Bio::DB::Big->follow_redirects(1);
By default libcurl will not follow 301 or 302 error codes. Switching this on will force it to follow them. See libcurl's CURLOPT_FOLLOWLOCATION value for more information.
This is a global variable for the entire library.
Bio::DB::Big->verify_ssl(1);
Forces libcurl to verify the remote SSL/TLS certificates. By default this is true. Setting it to false will allow any HTTPS communication to occur irrelevant of the attached certificate. See libcurl's CURLOPT_SSL_VERIFYPEER value for more information.
This is a global variable for the entire library.
my $bf = Bio::DB::Big->open('/path/to/big.file');
Perl method that wraps two methods from Bio::DB::Big::File. File type is sniffed using test_big_wig()
. If true we open the file using open_big_wig()
. If not we open using open_big_bed()
. The caller can then use is_big_wig()
or is_big_bed()
to assert the type of file now available.
WORKING WITH BIG FILES
See Bio::DB::Big::File for more information on the routines available.
WORKING WITH AUTOSQL
See Bio::DB::Big::AutoSQL for more information on routines available. Also see Bio::DB::Big::File for the method get_autosql()
.
EXCEPTIONS
This library will raise exceptions as and when errors occur. You can trap them using eval or equivalent methods.

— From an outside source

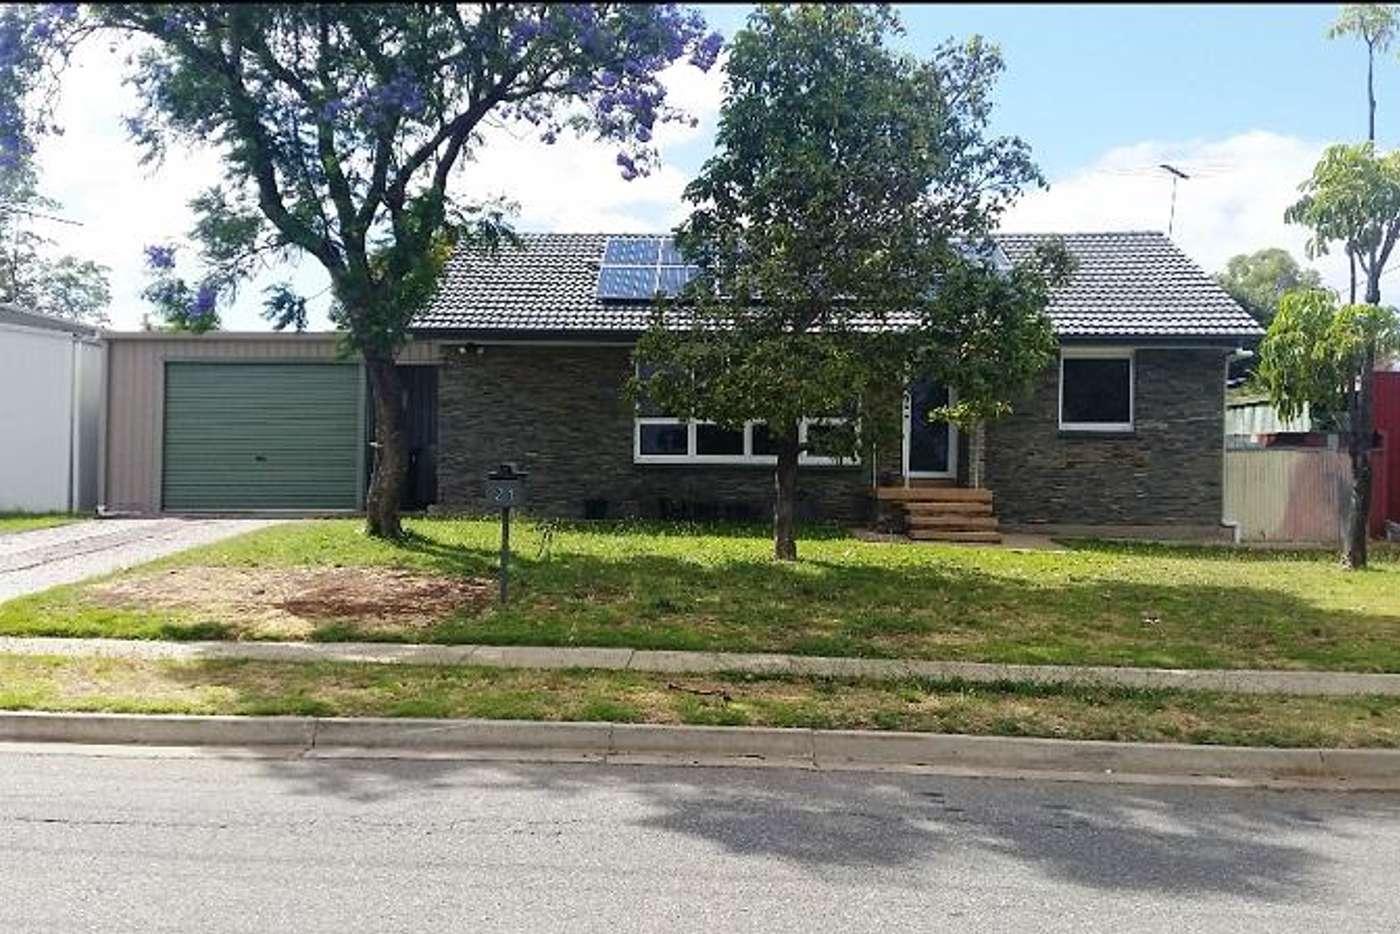 Main view of Homely house listing, 21 Winara Drive, Ingle Farm SA 5098

The following are the class of exceptions raised (identified by the exception's prefix)
- Invalid operation
-
Tried to use a bigwig method on a bigbed file or vice-versa
- Open error
-
An error occured whilst trying to open a file
- Invalid type
-
Unknown summary type given for statistics generation
- Invalid chromosome
-
The chromosome was not found in this file
- Invalid range
-
The specified range was incorrect. Normally caused when start is greater than end or end is greater than the chromosome length
- Fetch error
-
Could not retrieve the requested region
- Parse error
-
Could not parse a record. Normally happens with AutoSQL work.
- Config error
-
Incorrect value or configuration given to a module.
SEE ALSO
LICENSE
Copyright [2015-2017] EMBL-European Bioinformatics Institute
Licensed under the Apache License, Version 2.0 (the "License"); you may not use this file except in compliance with the License. You may obtain a copy of the License at
http://www.apache.org/licenses/LICENSE-2.0
Unless required by applicable law or agreed to in writing, software distributed under the License is distributed on an "AS IS" BASIS, WITHOUT WARRANTIES OR CONDITIONS OF ANY KIND, either express or implied. See the License for the specific language governing permissions and limitations under the License.